No idea if any of that is related, bad luck, or something on my servers side. (Tested and the 301's seem ok but with all the problems with the other SE's listings, I'm now wondering if I'm missing something.)

I'm beyond frustrated at this point!

RobinK




msg:773010
 6:08 pm on Feb 1, 2006 (gmt 0)

Reseller,
I was hoping we wouldn't make it the full year in this awful google limbo but for what it is worth. Unhappy Anniversary and may you not have many more.

BillyS




msg:773011
 6:31 pm on Feb 1, 2006 (gmt 0)

So what is BigDaddy all about anyway?

Infrastructure / under the hood? Are we talking 64 bit processors in those inexpensive Google servers?

Mozillabot is that gathering more sophisticated information that the 64 bit processors can now horse around?

Is the slow rollout due to hardware change outs?

Pure speculation. But it seems that BigDaddy is more about a platform then fixing results (at this moment).

Ellio




msg:773012
 6:36 pm on Feb 1, 2006 (gmt 0)

Pure speculation. But it seems that BigDaddy is more about a platform then fixing results (at this moment).

The latter bit has been said many times but the fact is Big Daddy HAS already fixed a lot of sites including ours.

I genuinely feel sorry for those not yet effected by the fix but it seems incorrect not to recognise the large number of Big Daddy fixes already reported on WebmasterWorld alone...

dakman




msg:773013
 7:25 pm on Feb 1, 2006 (gmt 0)

the new results propogating among the dc's are strange...

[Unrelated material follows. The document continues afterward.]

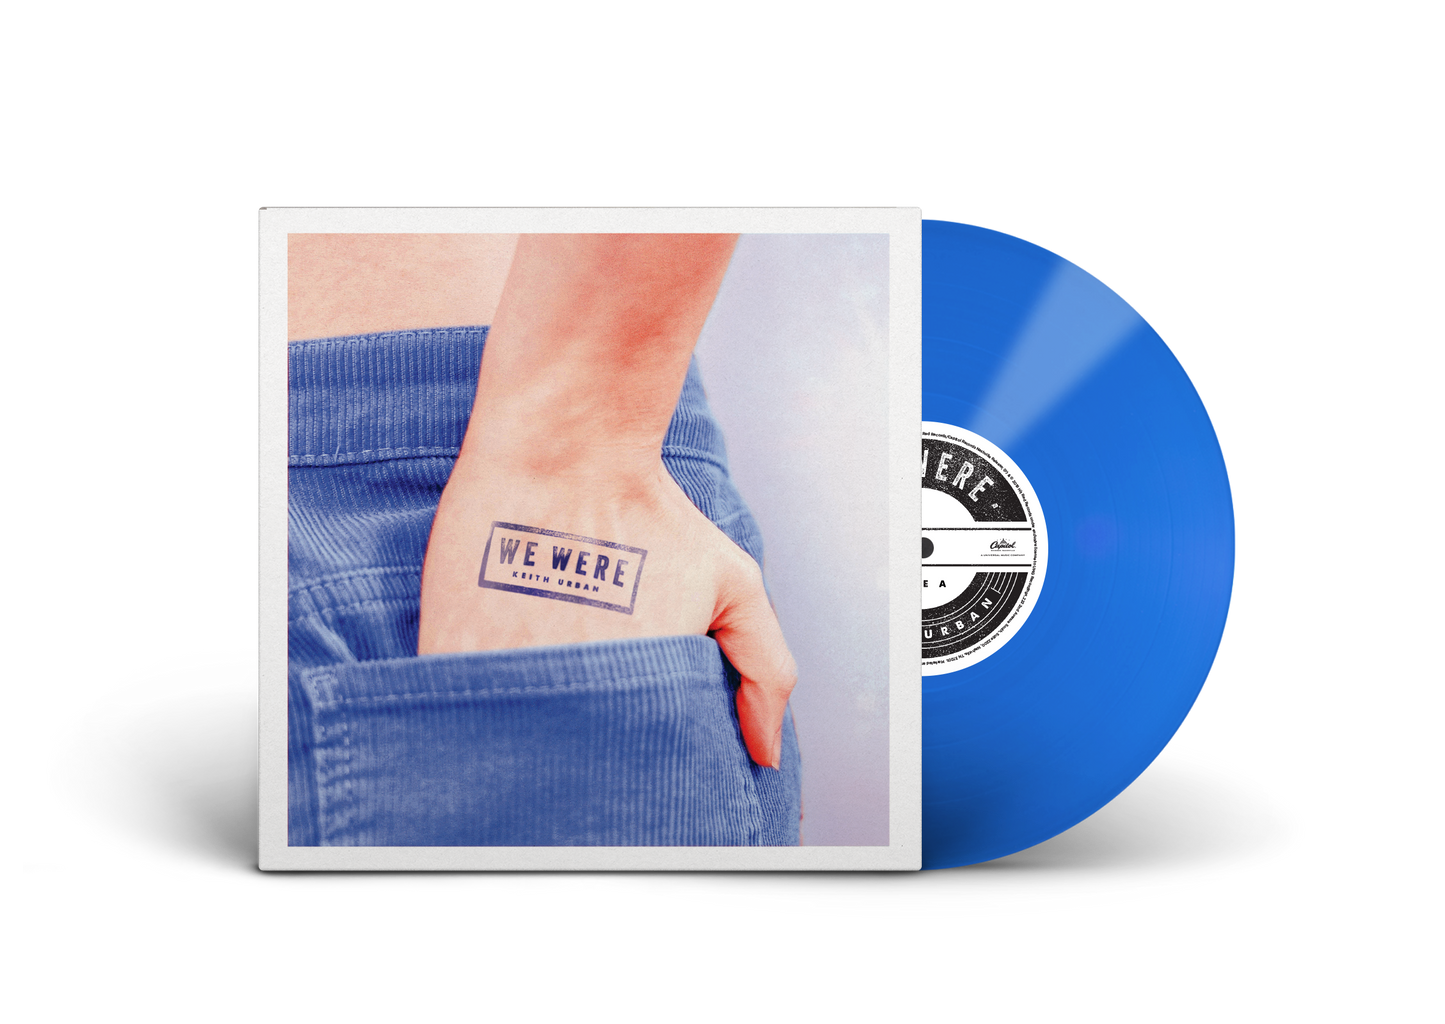 "We Were" Blue Cover with Blue 7" Vinyl

both my compeition and I had like over 100,000 pages indexed then all the sudden they are down like 800% now 216.* and 66.* are showing only 14,000 pages

i have noticed many sites are going down in index page counts... i wonder if this is just flux or if its some new algo...

i dont think you can publish thousands of pages and expect them to be indexed anymore unless you have high PR / IBLs or are an aged site..

I checked older sites with way more IBL's in my industry and the new updates dont seem to have touched them

Bushmaster




msg:773014
 8:24 pm on Feb 1, 2006 (gmt 0)

I have also noticed a significant indexed page drop as of today. Yesterday I was showing 1,080,000 pages indexed in most DC's. Now today I am showing 299 pages indexed in most DC's! I hope this isnt something permenant.

CainIV




msg:773015
 8:34 pm on Feb 1, 2006 (gmt 0)

The latter bit has been said many times but the fact is Big Daddy HAS already fixed a lot of sites including ours.

I genuinely feel sorry for those not yet effected by the fix but it seems incorrect not to recognise the large number of Big Daddy fixes already reported on WebmasterWorld alone...

I would have to agree by confirming fixes for some of my site (not all)

What criteria is used to apply the proper fixes to site x is beyond me.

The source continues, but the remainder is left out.